The help page for median appears in the lower right window. If we read it carefully, then we realize that the extra argument (input) na.rm may help us. We therefore try this:

median(x, na.rm=TRUE)

Admittedly, R help pages are often quite difficult to read, but be aware that there are examples of commands in the bottom of each help page. For more complicated functions, these examples can be very useful while trying to get to know the function and its functionalities.

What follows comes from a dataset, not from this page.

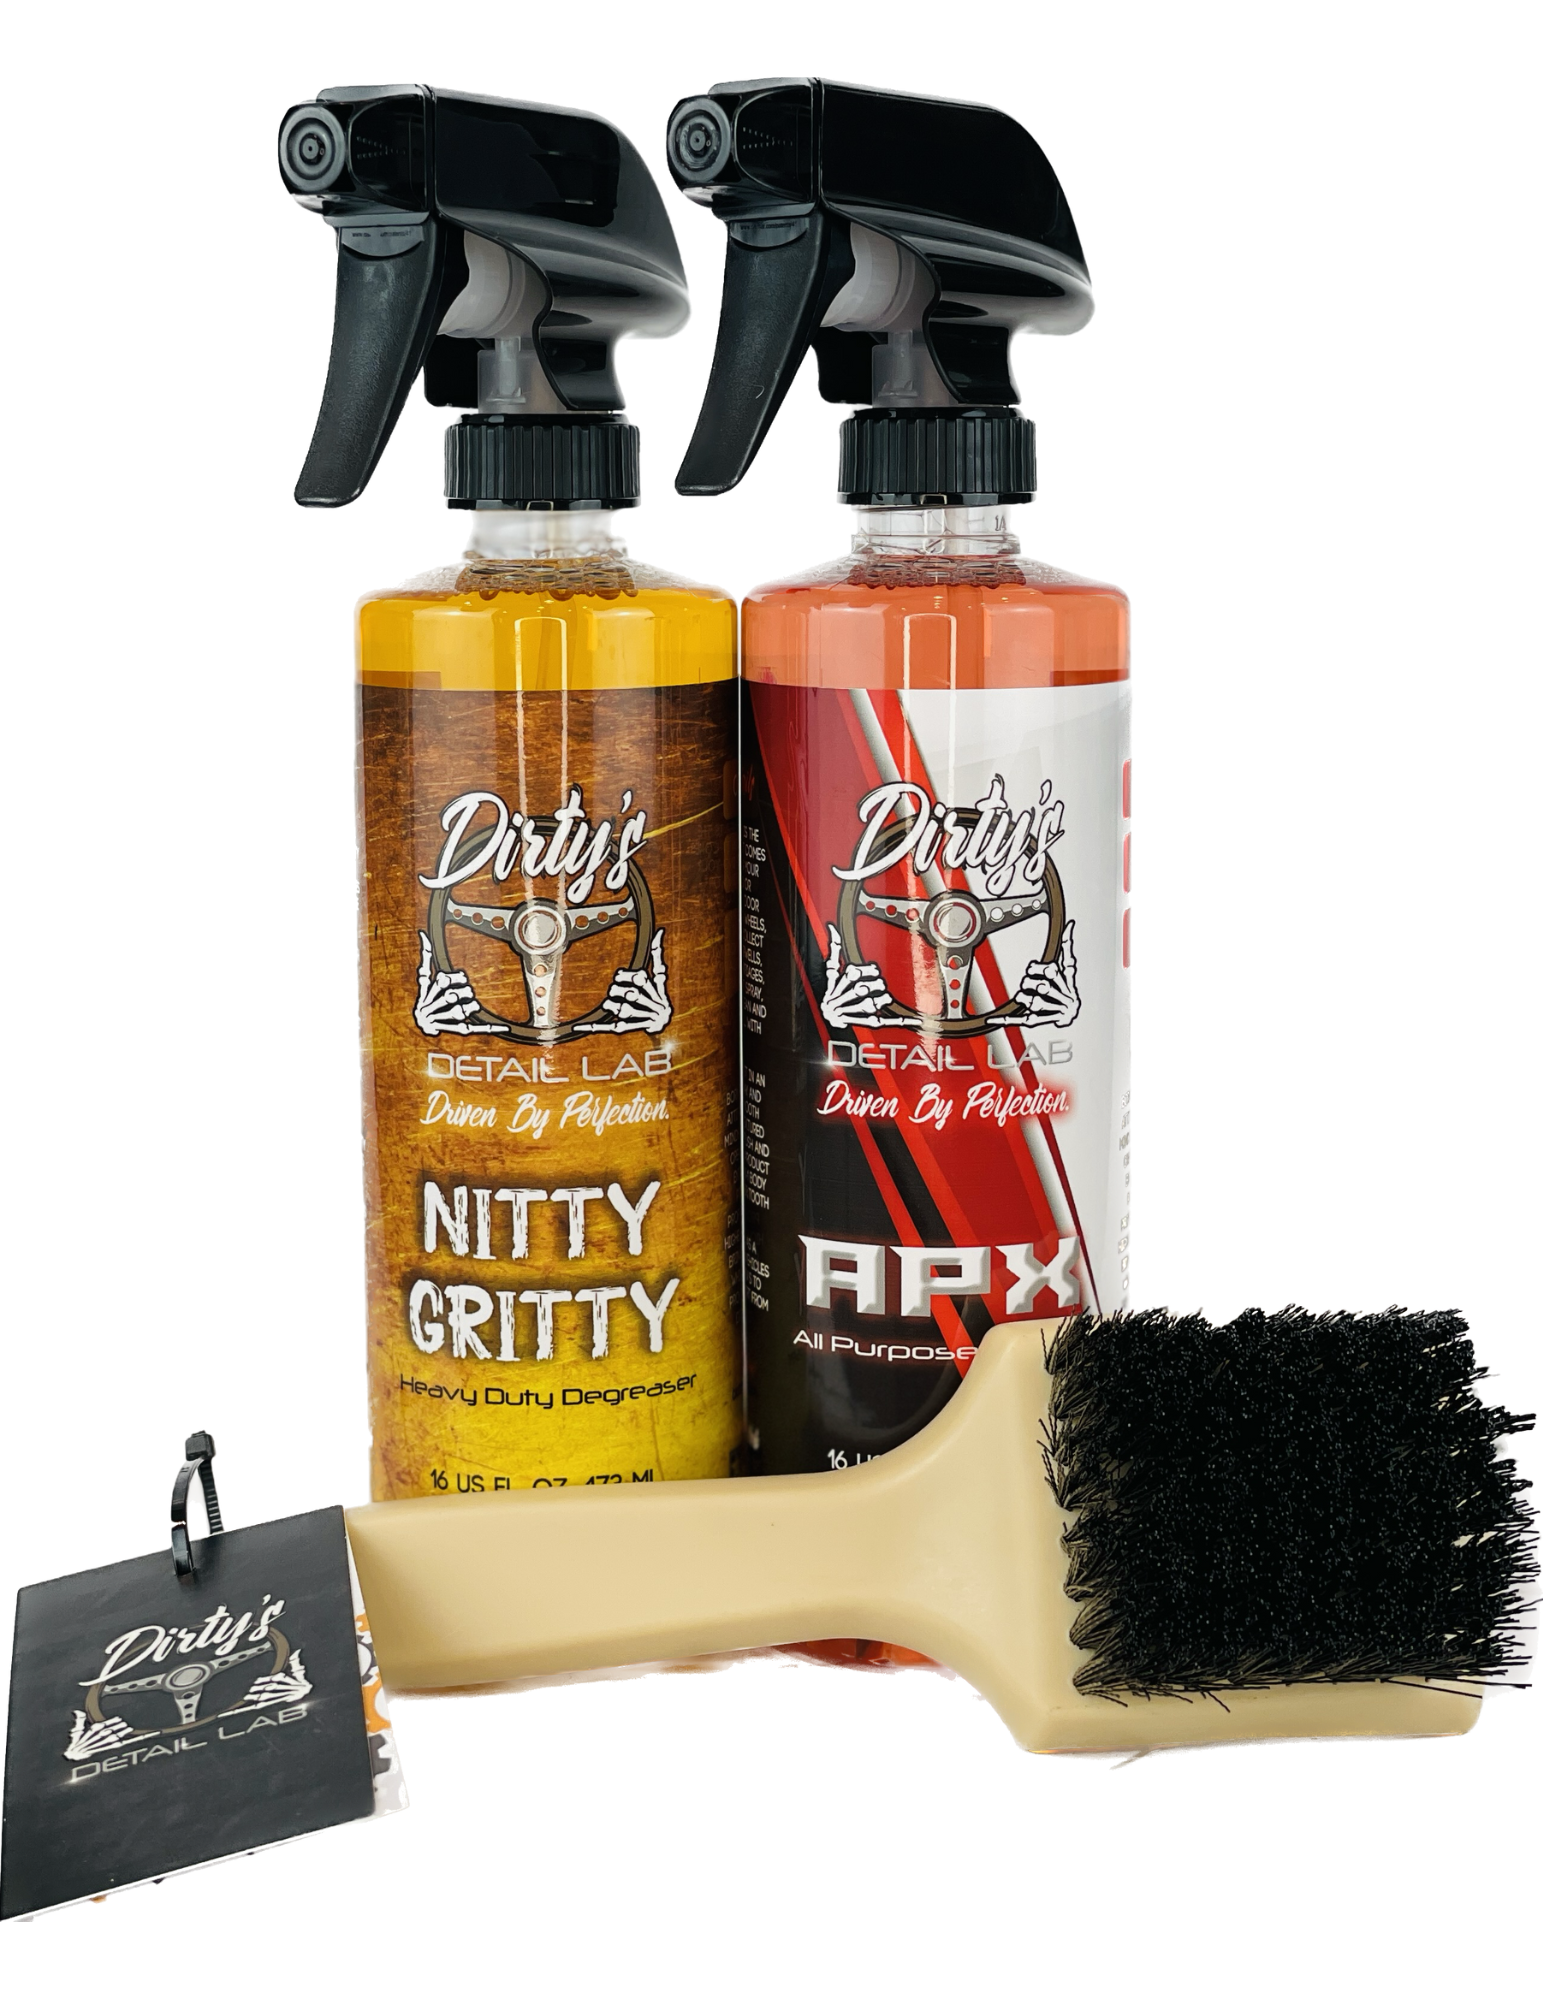 Automotive Cleaner And Degreaser | Elbow Grease Bundle | Dirty's Detail Lab

In order to use the help pages as above, you need to know the name of the function, which obviously may not be the case: You want to compute the median but have no idea what function to use. The best way to proceed: Google! Use “R whatever-you-want-to-search-for”, and you often get exactly what you need.

While working with R, you will get a lot of error messages. Some are easy to understand, and you will readily be able to fix the problems, while others… Again, the best answer is: Google and ChatGPT! Copy the error message into Google or ChatGPT, and you will often find help.

Wrapping up

  1. Imagine you need to send your code to a collaborator. Review your code to ensure it is clear and well-structured, so your collaborator can easily understand and follow your work. You might consider emphasizing important points by making text bold, underlined or blue.
  2. Render your Quarto document by clicking the Render button with the blue arrow in the toolbar. Once the HTML file is generated, open it in a web browser. Does the document look as you expected? Iterate on your document until it meets your desired format and appearance.

Lessons learnt

  • You must write you code in a document, like the Quarto document, such that you can save the work and return to it some other day.

  • Save your files often.

  • If you forget to save your files before you close RStudio, then RStudio will prompt you if you want to save your work.

  • Have structure in your document by using headers, text, and code chunks (maybe with comments).